Worldfocus reported on his visit:
“…our foot is stuck on the accelerator and we are heading toward an abyss.”
Media sources are in consensus that the threat of global warming is real but they point to different effects of the climate change.
We look at reports from World Focus, CNN, TIME, Insider Medicine and Sky News on the current state of global warming effects around the globe.
The backdrop of the December conference is increasingly gloomy, CNN says, with academic papers and experts
“…predicting dramatic and catastrophic changes to the world -- unless we act right now.”
“Emissions have risen in Japan by 9% since 1990. Emissions from transportation, commerce and homes contribute most.”
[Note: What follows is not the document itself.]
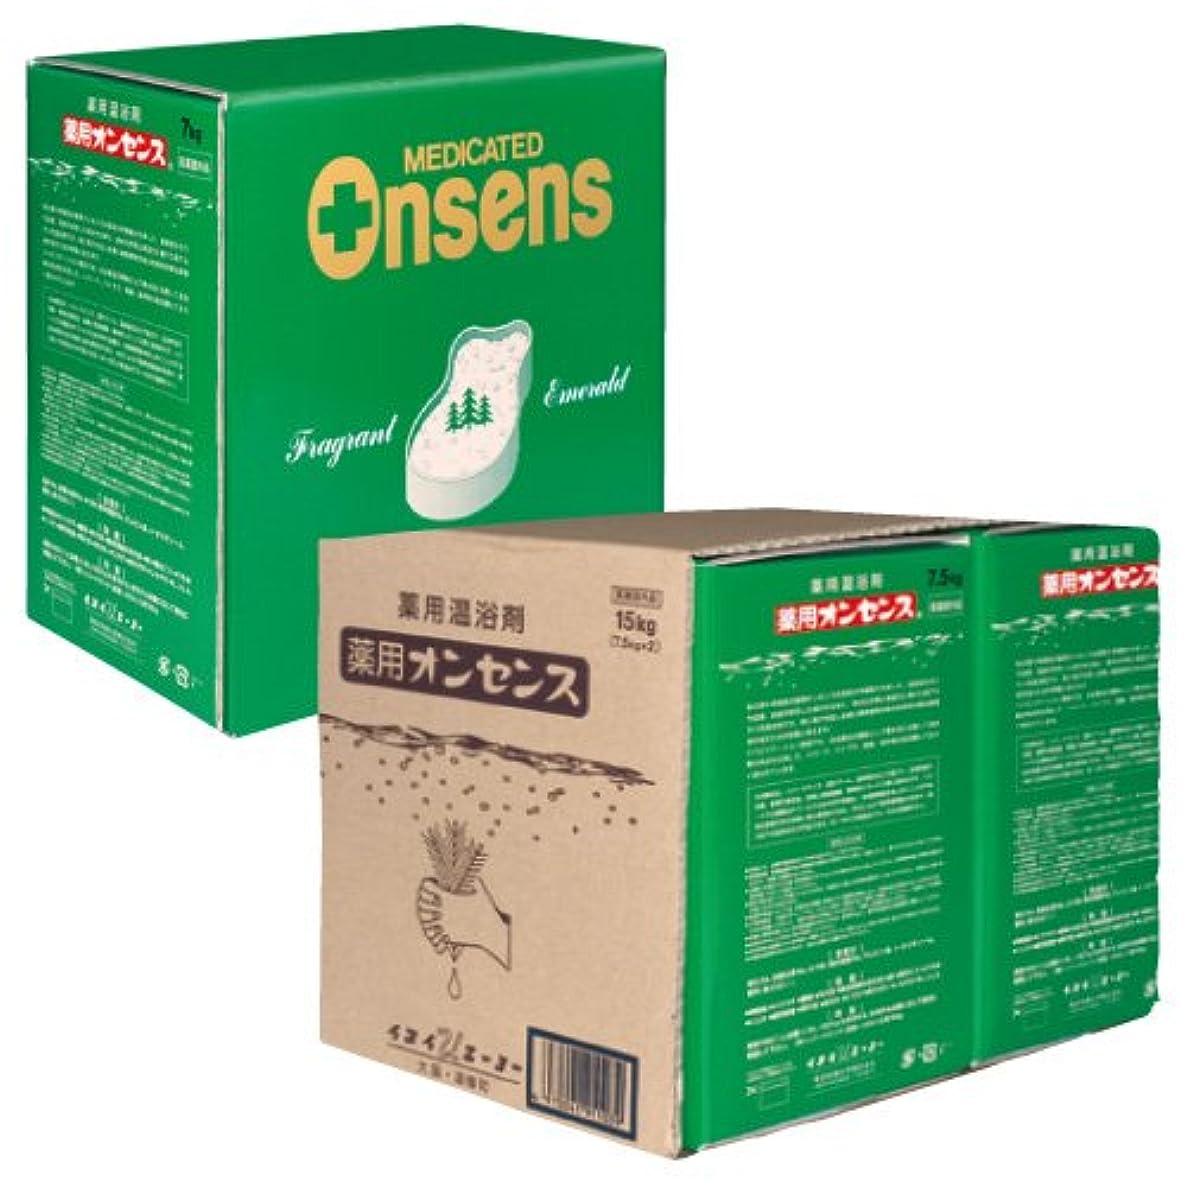 厳密に立ち寄る回路入浴剤 (薬用オンセンス) 7kg /7-2536-02
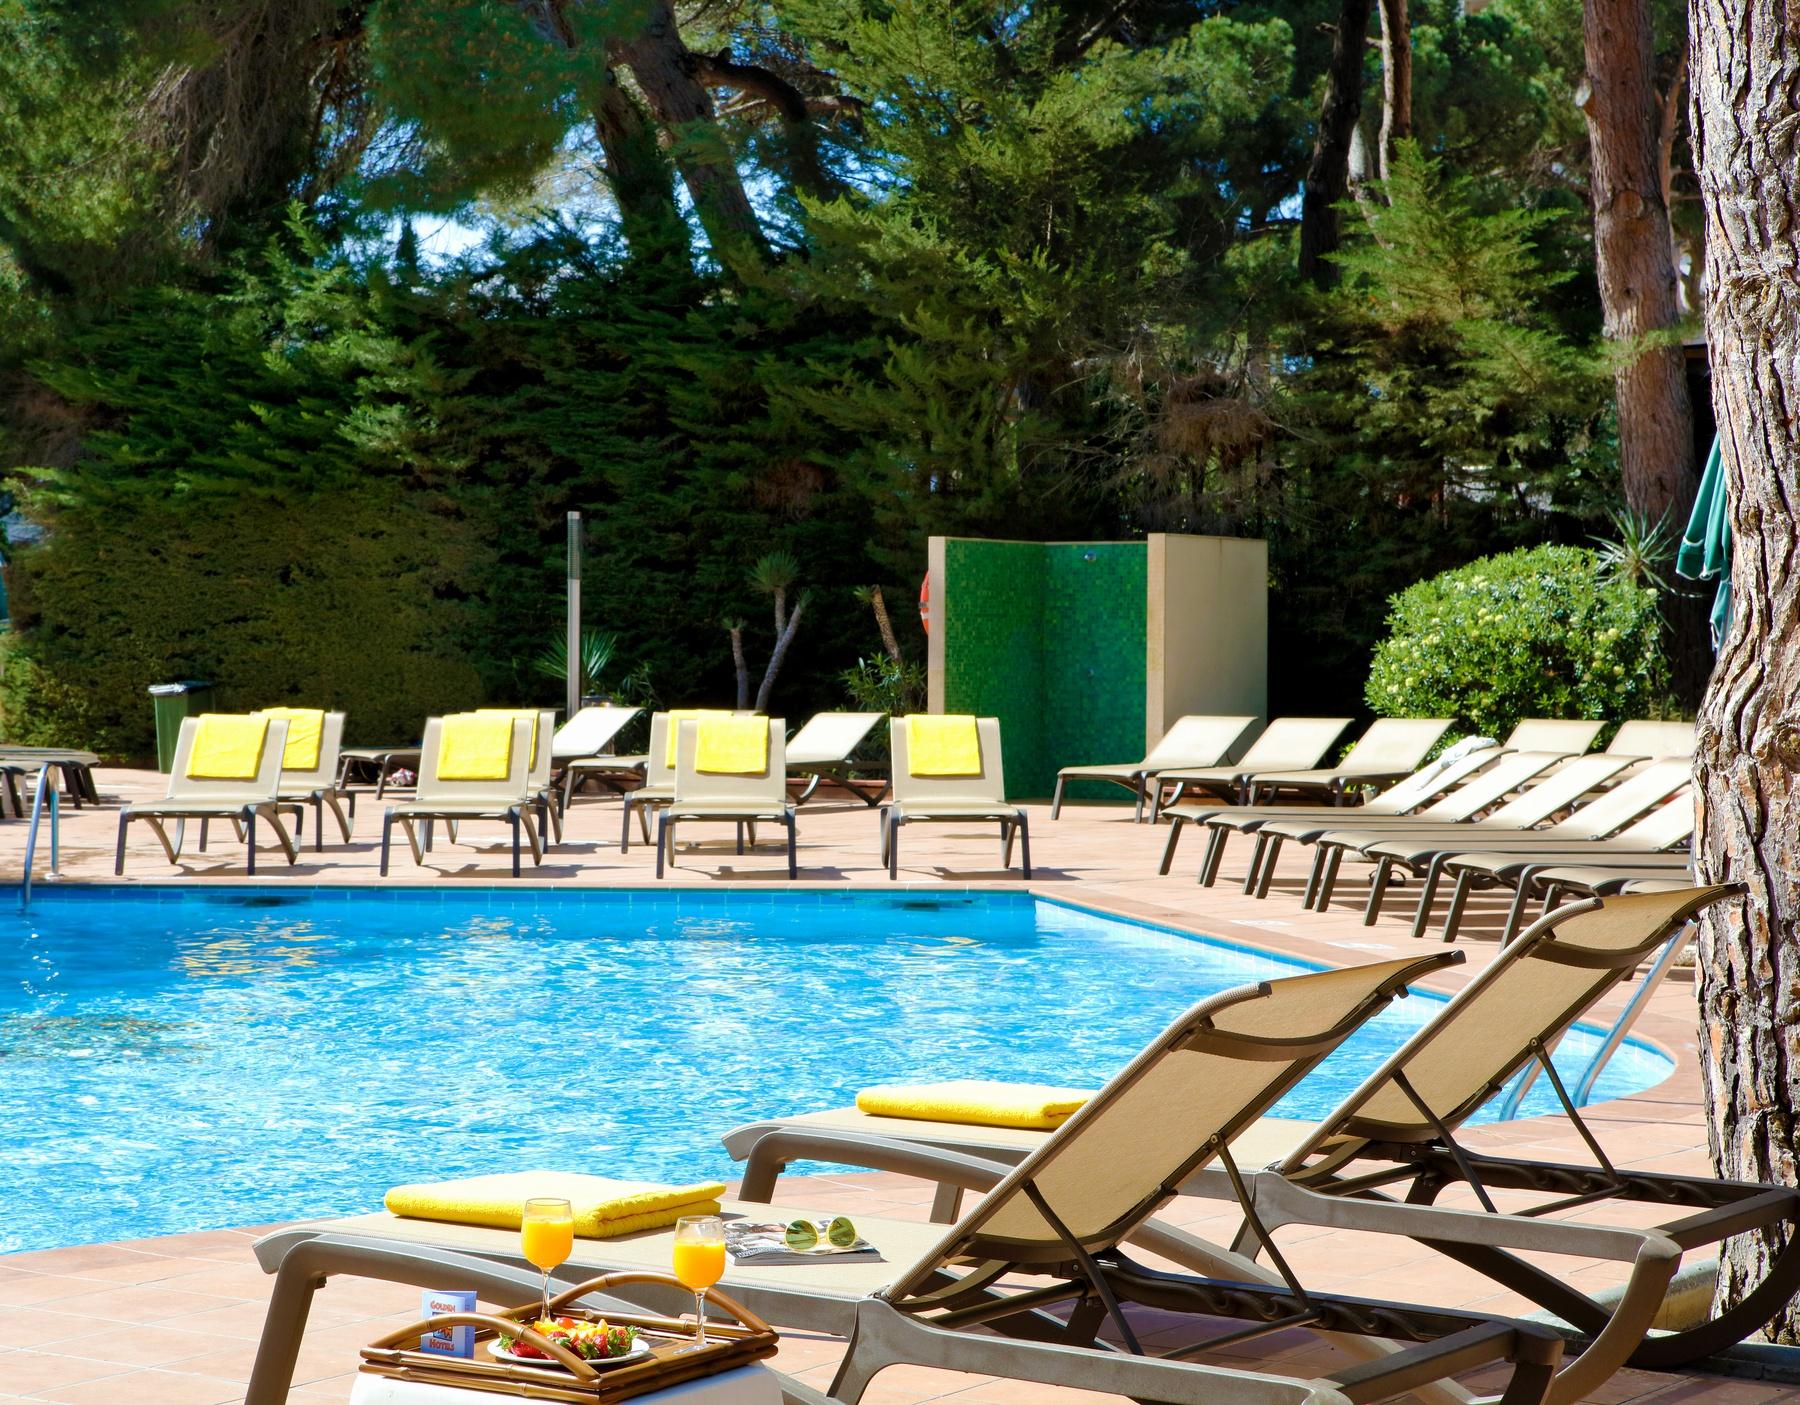 00 piscina actividades hamacas 2

“With political parties, industries, sectors and environmental groups all backing different groups it is clear the debate won’t end with Japan’s 2012 Kyoto Protocol.”
TIME reports climate change is melting the glaciers of the world's highest mountains, in Nepal’s Himalayas, affecting millions downstream.
“What effects on local yak herders can affect Glacier-fed rivers in India, Pakistan and Bangladesh. Less snow and smaller glaciers mean less melting water.”
Global Warming could also affect global health, according to a report from insidermedicine.
“…thousands of researchers are gathering at the meeting of the American society for microbiology to debate the effects of global warming on infectious diseases. Global warming is expected to increase the number of those infected with malaria and extend the duration of the flu season.”
Climate change is not an abstract thing of the future, says UK’s Sky News. It reports from, what it calls, the frontline of the dangers of climate change in Bangladesh.
“When we think about climate change we think of it as some theoretical prospect of the future. It’s not. It’s here. It’s now. It’s facing these people in their daily lives.”
As we see more evidence of effects of global warming do you think the debate is going in the right direction? Do you think the December conference will give us a plan of action to tackle climate change?